◆ **SOURCE MATERIAL**

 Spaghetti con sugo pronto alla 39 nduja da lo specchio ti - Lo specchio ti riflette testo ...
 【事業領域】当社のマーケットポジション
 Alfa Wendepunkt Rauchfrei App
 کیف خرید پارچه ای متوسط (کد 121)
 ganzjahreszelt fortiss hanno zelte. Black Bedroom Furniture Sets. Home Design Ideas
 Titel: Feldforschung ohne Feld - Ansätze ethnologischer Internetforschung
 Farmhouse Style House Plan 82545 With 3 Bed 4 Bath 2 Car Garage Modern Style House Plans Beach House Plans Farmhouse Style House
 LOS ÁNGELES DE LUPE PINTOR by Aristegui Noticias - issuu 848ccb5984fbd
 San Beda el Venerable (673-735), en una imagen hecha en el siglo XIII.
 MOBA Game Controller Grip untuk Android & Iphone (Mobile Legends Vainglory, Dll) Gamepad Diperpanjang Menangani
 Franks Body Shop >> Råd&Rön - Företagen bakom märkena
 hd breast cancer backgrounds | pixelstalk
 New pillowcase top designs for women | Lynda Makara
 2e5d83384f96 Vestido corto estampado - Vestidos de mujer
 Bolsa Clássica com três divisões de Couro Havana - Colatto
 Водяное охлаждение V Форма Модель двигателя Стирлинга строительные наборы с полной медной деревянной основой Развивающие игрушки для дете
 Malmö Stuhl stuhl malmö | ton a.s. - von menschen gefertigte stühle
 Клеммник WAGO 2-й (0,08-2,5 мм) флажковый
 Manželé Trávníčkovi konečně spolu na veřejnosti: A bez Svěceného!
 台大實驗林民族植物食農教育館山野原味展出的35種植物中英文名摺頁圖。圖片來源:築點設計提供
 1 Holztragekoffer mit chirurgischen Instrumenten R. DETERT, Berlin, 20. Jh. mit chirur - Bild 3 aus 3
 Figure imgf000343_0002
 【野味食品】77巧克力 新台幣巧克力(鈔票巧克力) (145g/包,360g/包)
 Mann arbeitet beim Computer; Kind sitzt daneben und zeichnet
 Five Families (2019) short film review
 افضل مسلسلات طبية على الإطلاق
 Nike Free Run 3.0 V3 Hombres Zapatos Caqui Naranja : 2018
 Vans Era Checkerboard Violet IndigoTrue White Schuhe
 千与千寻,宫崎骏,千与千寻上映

◆ **YOUR TASK**
The answer should reproduce each entry above in full.

◆ **REPLY TO THE TASK**
 Spaghetti con sugo pronto alla 39 nduja da lo specchio ti - Lo specchio ti riflette testo ...
 【事業領域】当社のマーケットポジション
 Alfa Wendepunkt Rauchfrei App
 کیف خرید پارچه ای متوسط (کد 121)
 ganzjahreszelt fortiss hanno zelte. Black Bedroom Furniture Sets. Home Design Ideas
 Titel: Feldforschung ohne Feld - Ansätze ethnologischer Internetforschung
 Farmhouse Style House Plan 82545 With 3 Bed 4 Bath 2 Car Garage Modern Style House Plans Beach House Plans Farmhouse Style House
 LOS ÁNGELES DE LUPE PINTOR by Aristegui Noticias - issuu 848ccb5984fbd
 San Beda el Venerable (673-735), en una imagen hecha en el siglo XIII.
 MOBA Game Controller Grip untuk Android & Iphone (Mobile Legends Vainglory, Dll) Gamepad Diperpanjang Menangani
 Franks Body Shop >> Råd&Rön - Företagen bakom märkena
 hd breast cancer backgrounds | pixelstalk
 New pillowcase top designs for women | Lynda Makara
 2e5d83384f96 Vestido corto estampado - Vestidos de mujer
 Bolsa Clássica com três divisões de Couro Havana - Colatto
 Водяное охлаждение V Форма Модель двигателя Стирлинга строительные наборы с полной медной деревянной основой Развивающие игрушки для дете
 Malmö Stuhl stuhl malmö | ton a.s. - von menschen gefertigte stühle
 Клеммник WAGO 2-й (0,08-2,5 мм) флажковый
 Manželé Trávníčkovi konečně spolu na veřejnosti: A bez Svěceného!
 台大實驗林民族植物食農教育館山野原味展出的35種植物中英文名摺頁圖。圖片來源:築點設計提供
 1 Holztragekoffer mit chirurgischen Instrumenten R. DETERT, Berlin, 20. Jh. mit chirur - Bild 3 aus 3
 Figure imgf000343_0002
 【野味食品】77巧克力 新台幣巧克力(鈔票巧克力) (145g/包,360g/包)
 Mann arbeitet beim Computer; Kind sitzt daneben und zeichnet
 Five Families (2019) short film review
 افضل مسلسلات طبية على الإطلاق
 Nike Free Run 3.0 V3 Hombres Zapatos Caqui Naranja : 2018
 Vans Era Checkerboard Violet IndigoTrue White Schuhe
 千与千寻,宫崎骏,千与千寻上映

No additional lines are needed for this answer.